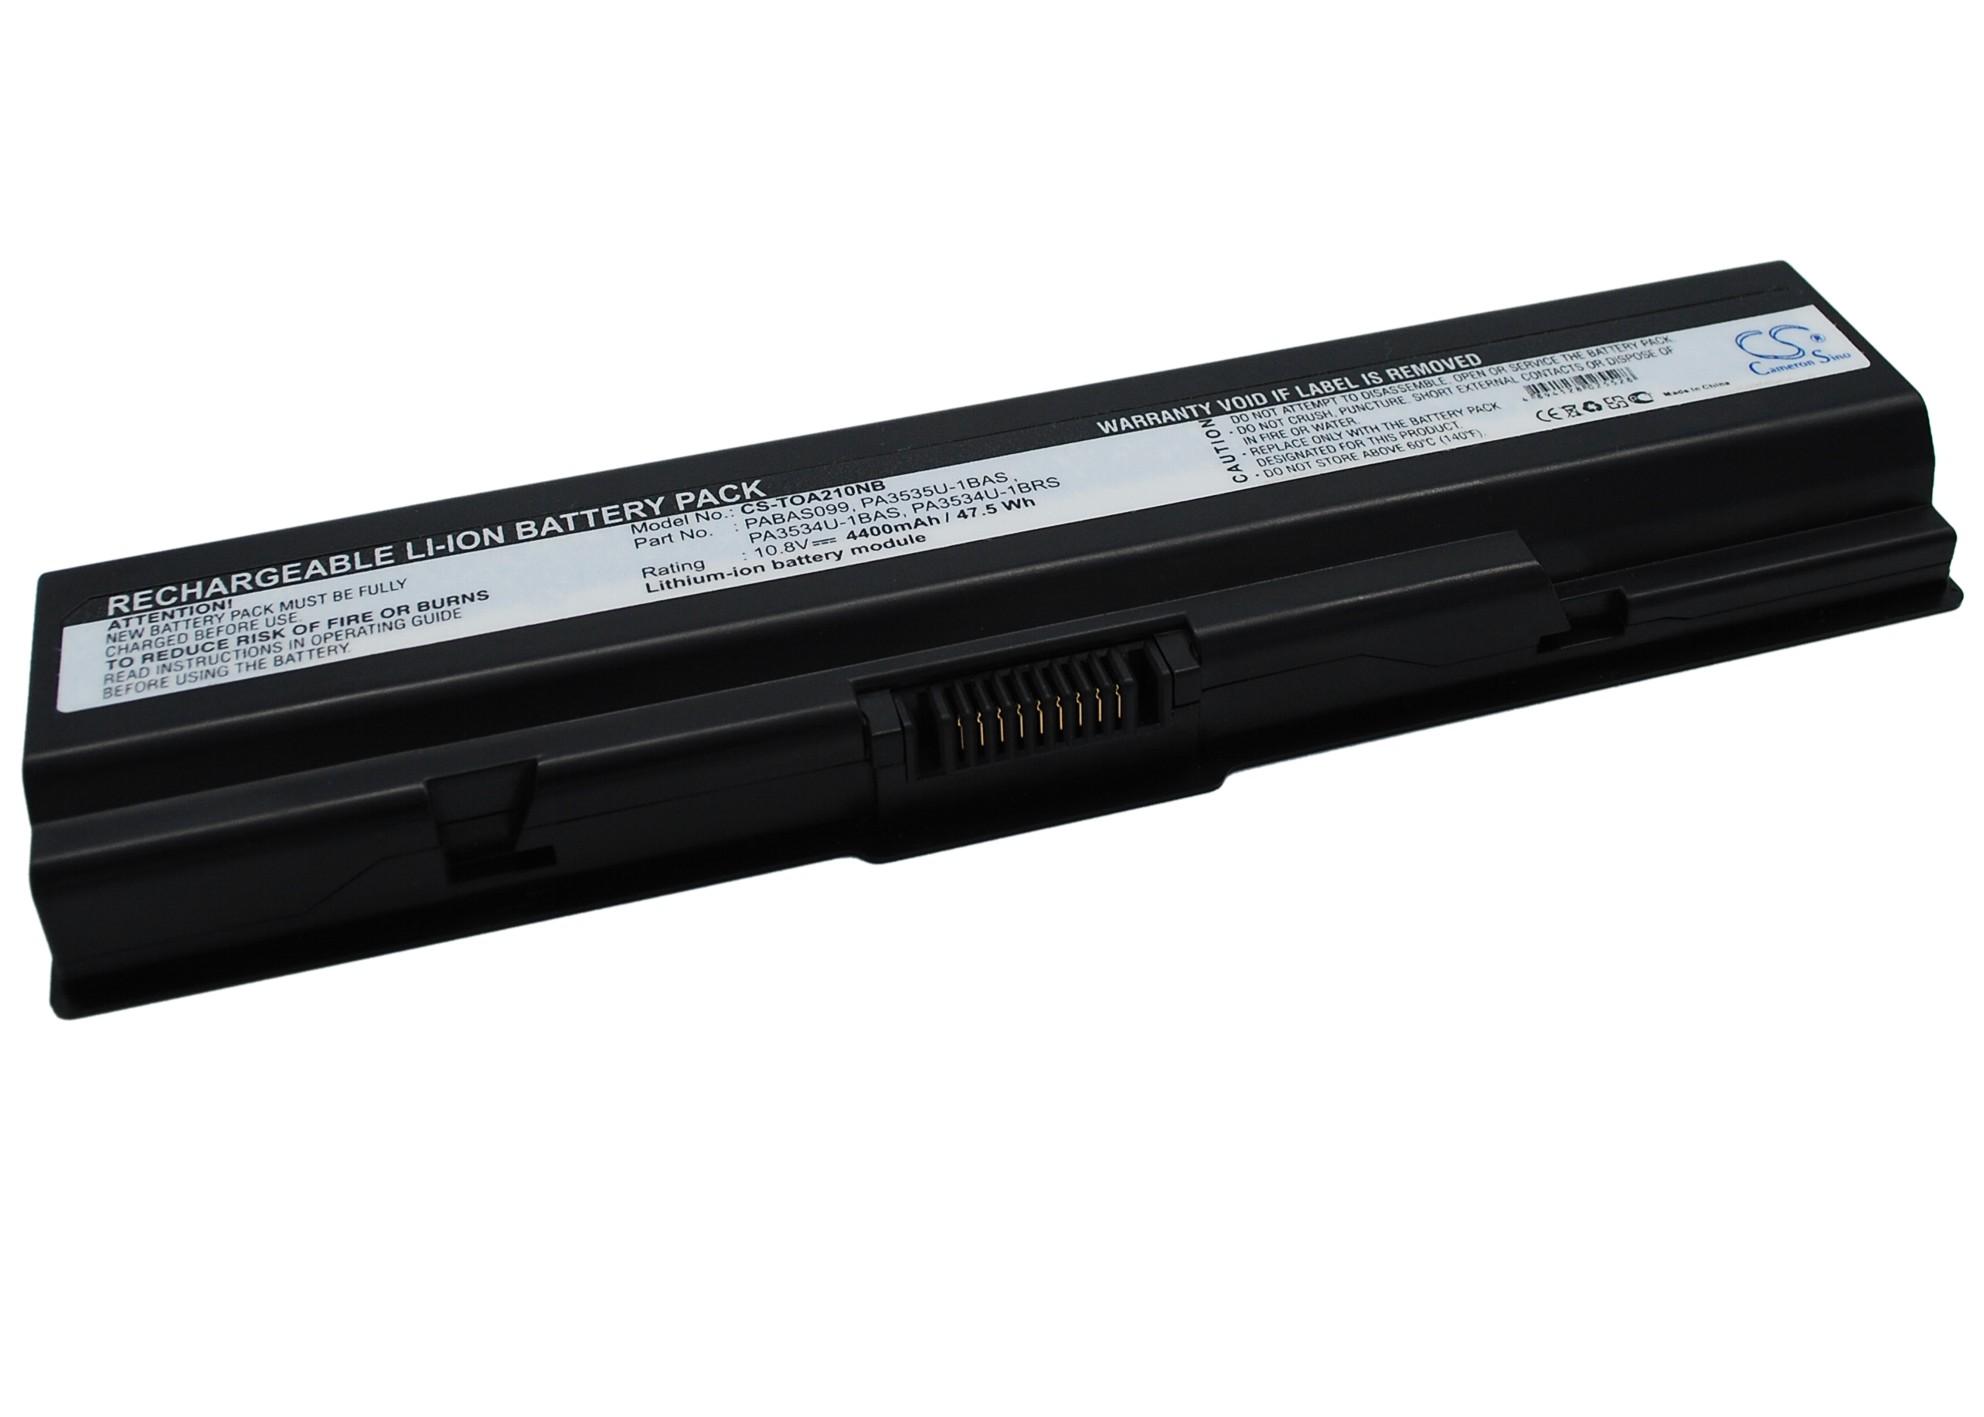 Cameron Sino baterie do notebooků pro TOSHIBA Satellite L505-ES5016 10.8V Li-ion 4400mAh černá - neoriginální
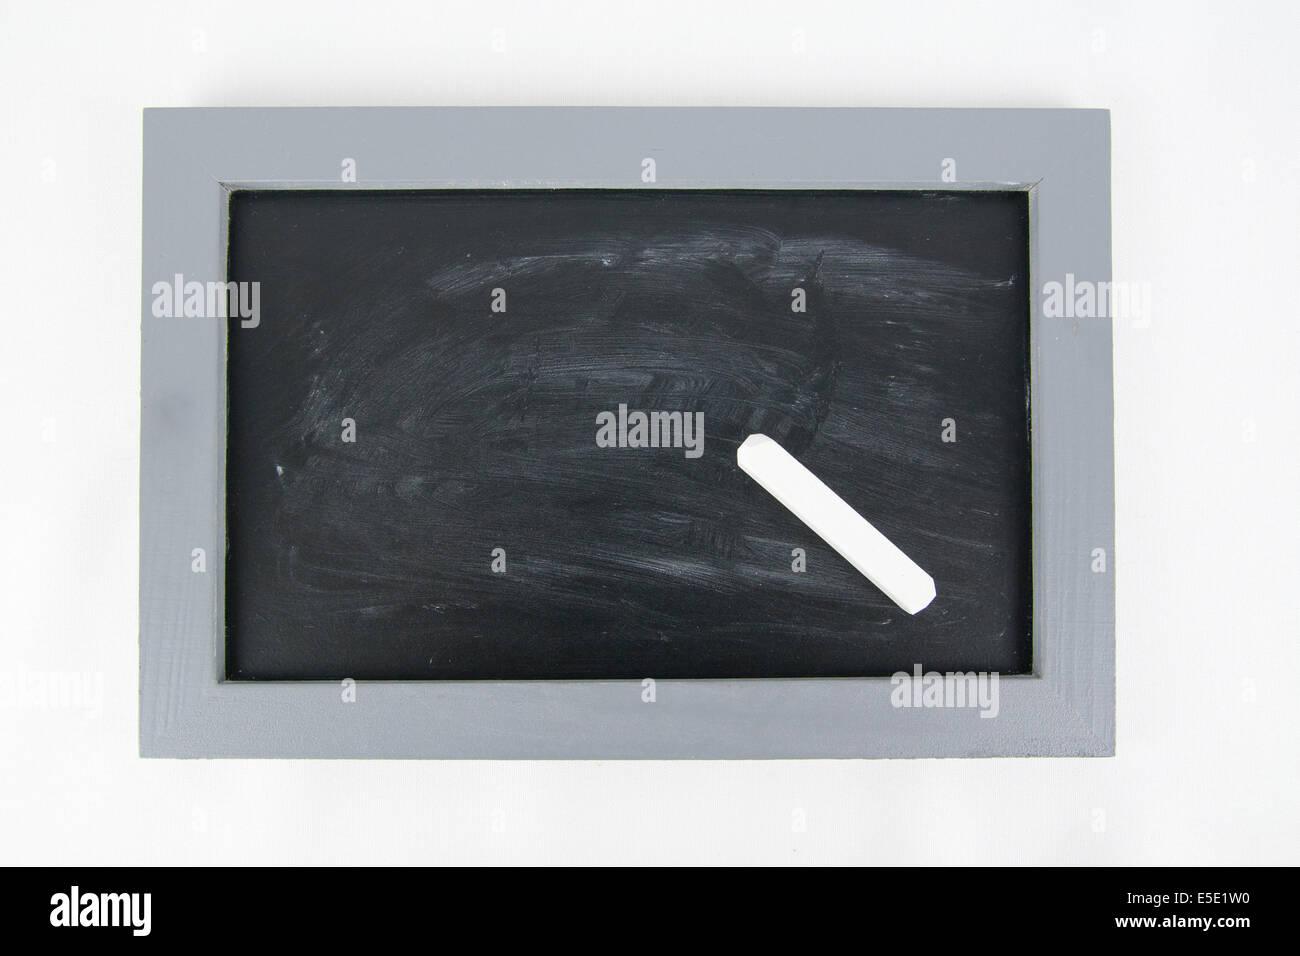 Tafel Kreide leer leere Schiefer Schiefertafel gruen schwarz weiss ...
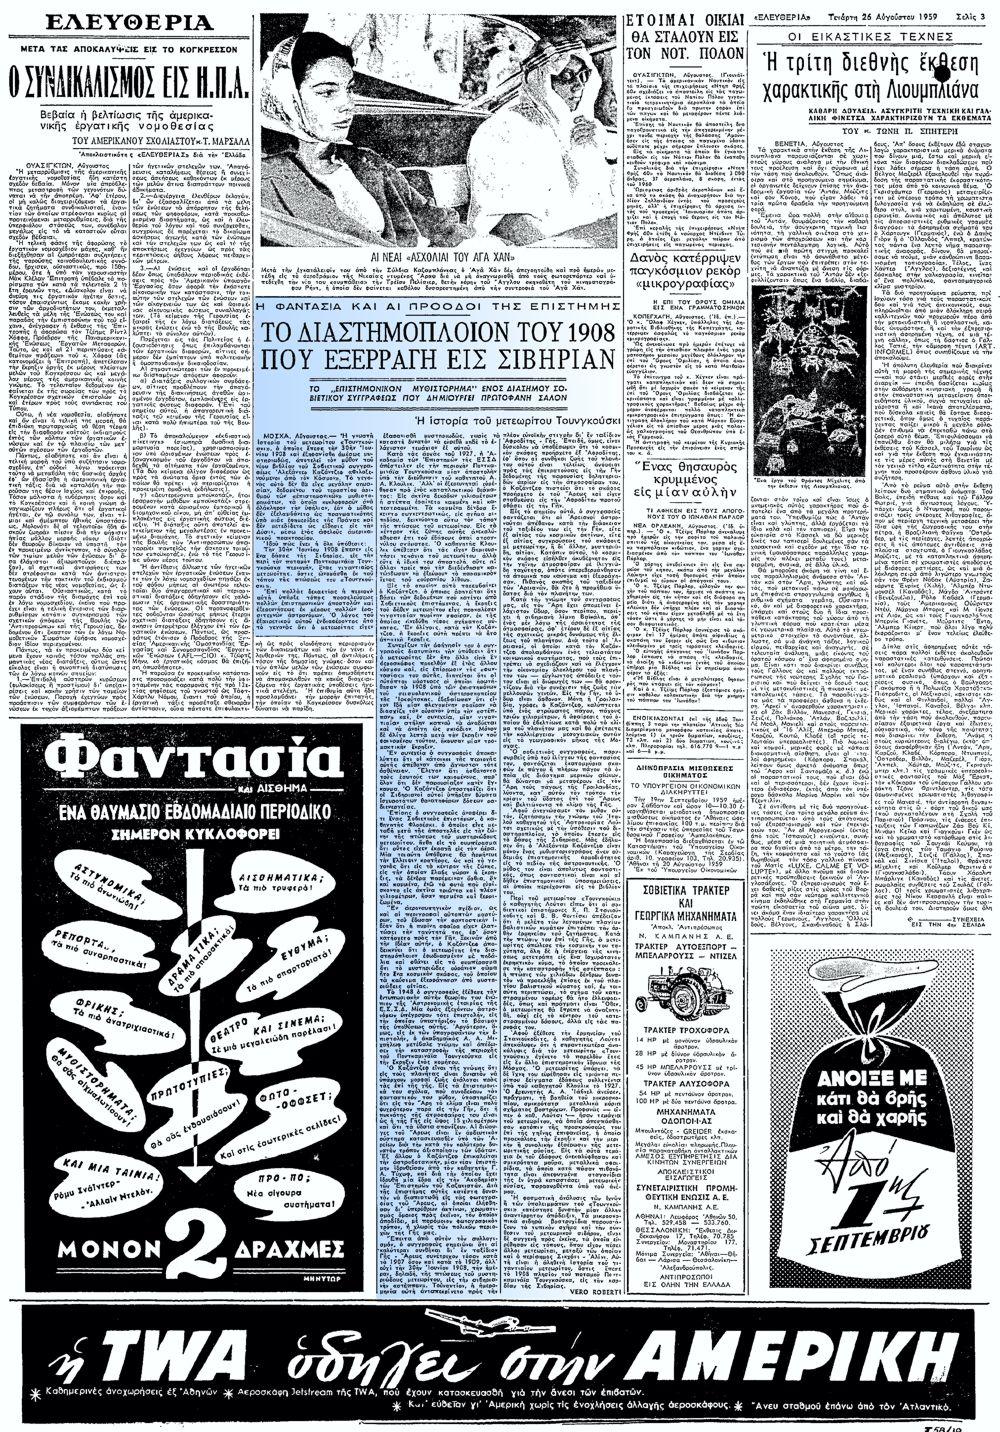 """Το άρθρο, όπως δημοσιεύθηκε στην εφημερίδα """"ΕΛΕΥΘΕΡΙΑ"""", στις 26/08/1959"""
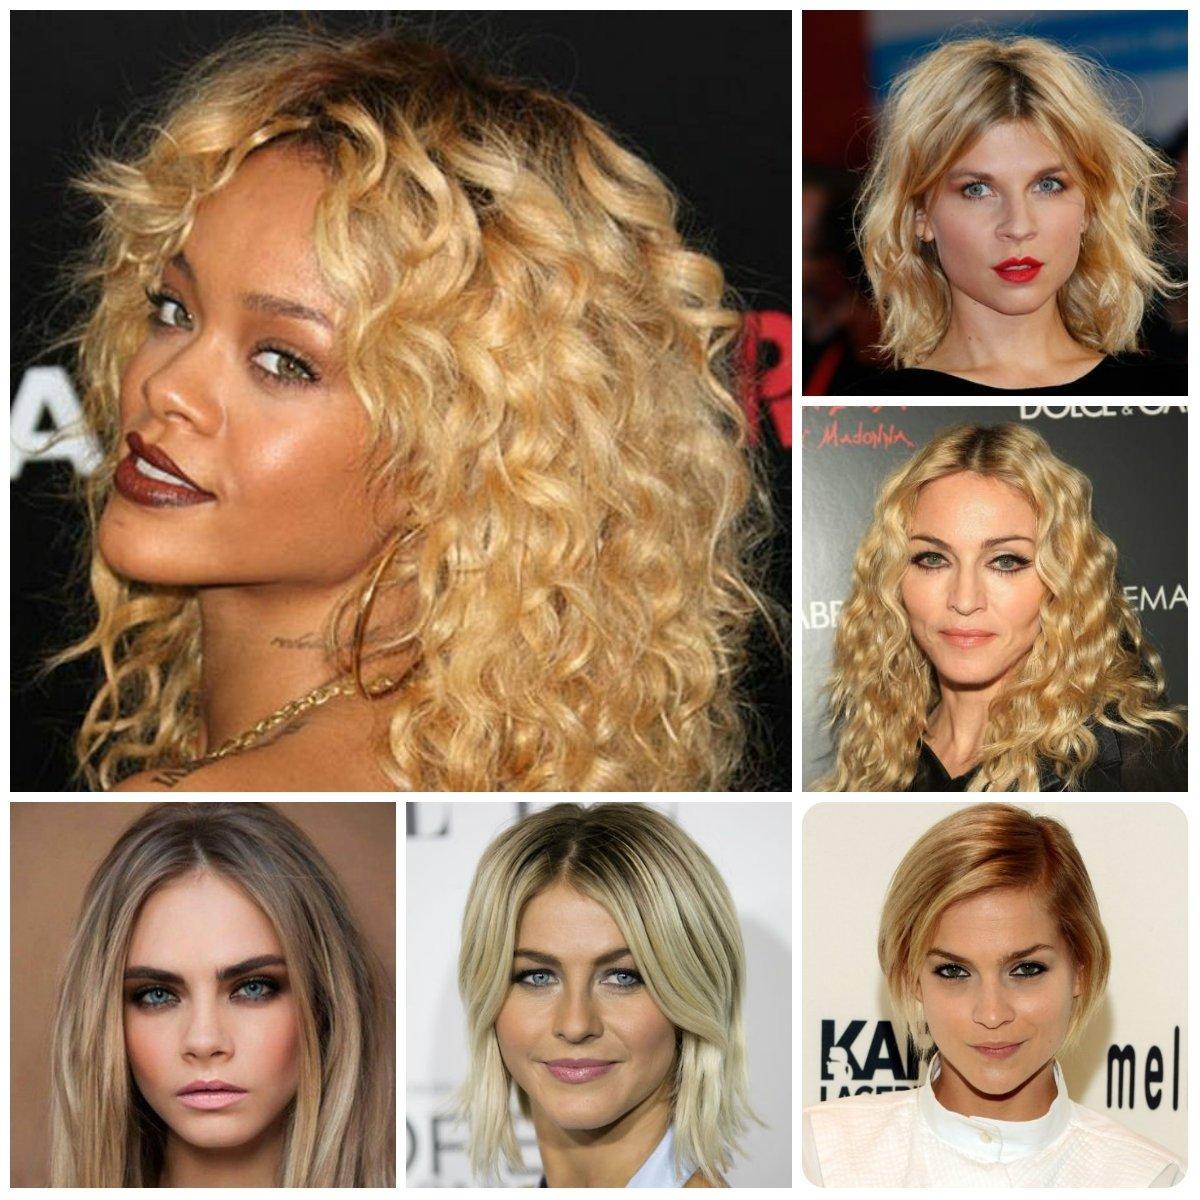 10 Pretty Warm Skin Tone Hair Color Ideas blonde hair colors for fair skin tone hair fashion online 2020
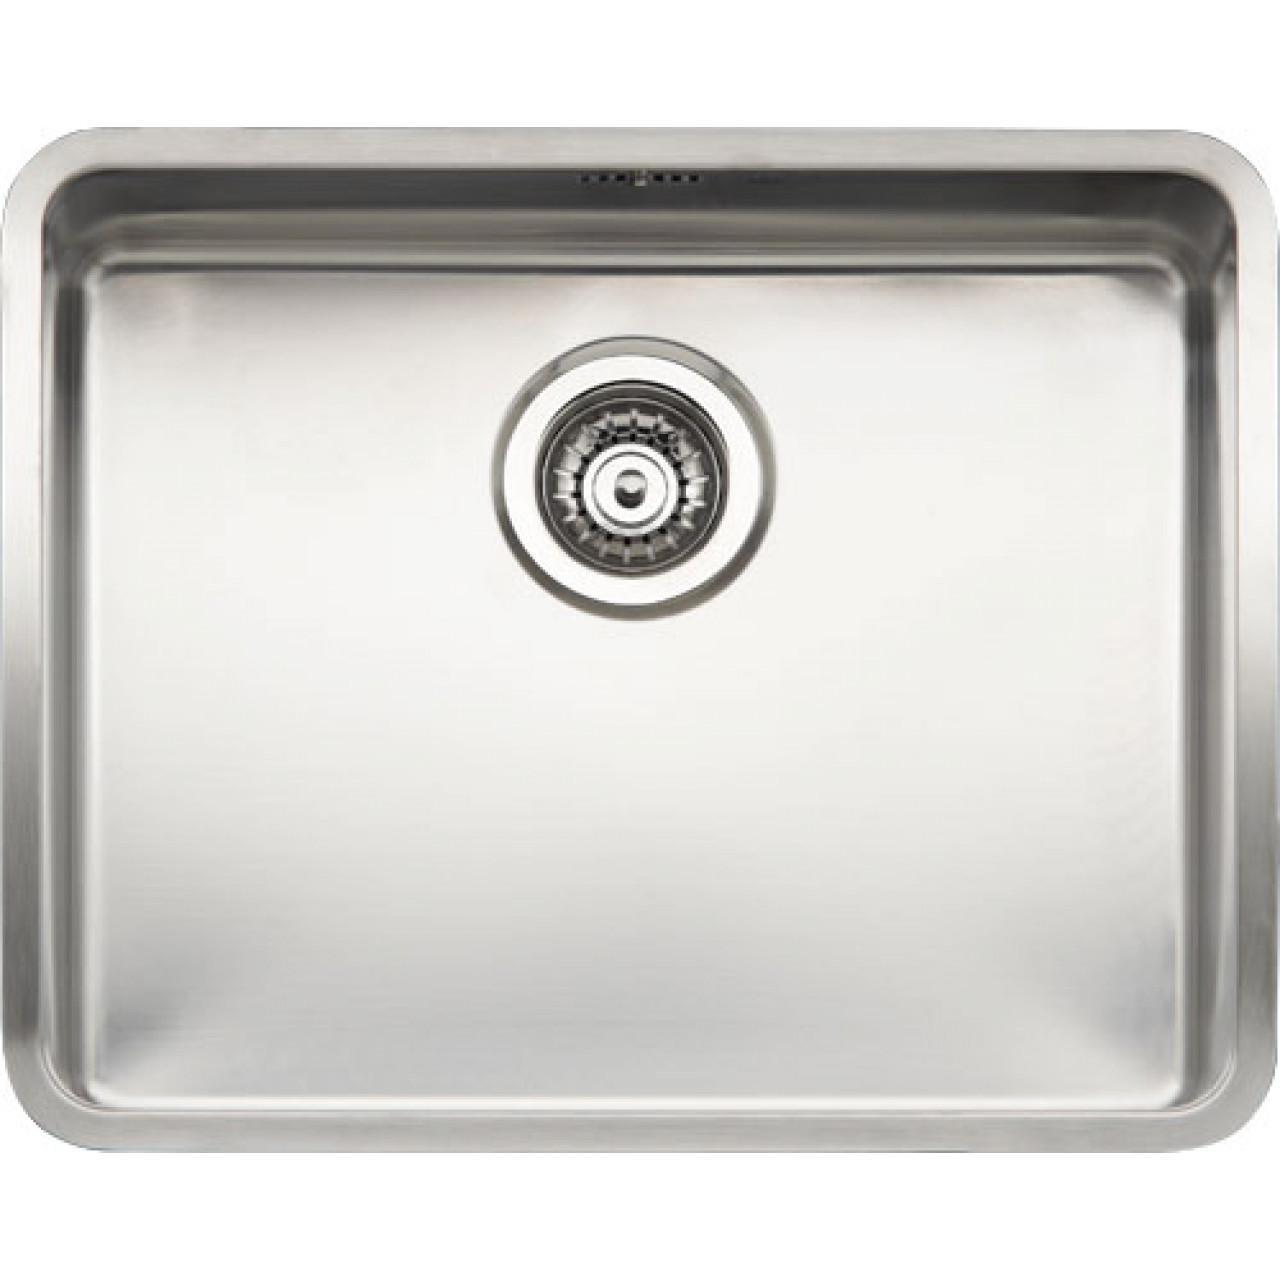 Кухонная мойка Reginox Kansas 540х440 Medium 42418 купить в Москве по цене от 37560р. в интернет-магазине mebel-v-vannu.ru

*WHAT TO DO*: In the data above, please extract the lines from the first one through the line with "άρθρο, όπως δημοσιεύθηκε", exactly, and keep pictures out.

*OUTPUT BELOW*:
 Cameron Sino baterie do notebooků pro TOSHIBA Satellite L505-ES5016 10.8V Li-ion 4400mAh černá - neoriginální
 Tafel Kreide leer leere Schiefer Schiefertafel gruen schwarz weiss ...
 """Το άρθρο, όπως δημοσιεύθηκε στην εφημερίδα """"ΕΛΕΥΘΕΡΙΑ"""", στις 26/08/1959"""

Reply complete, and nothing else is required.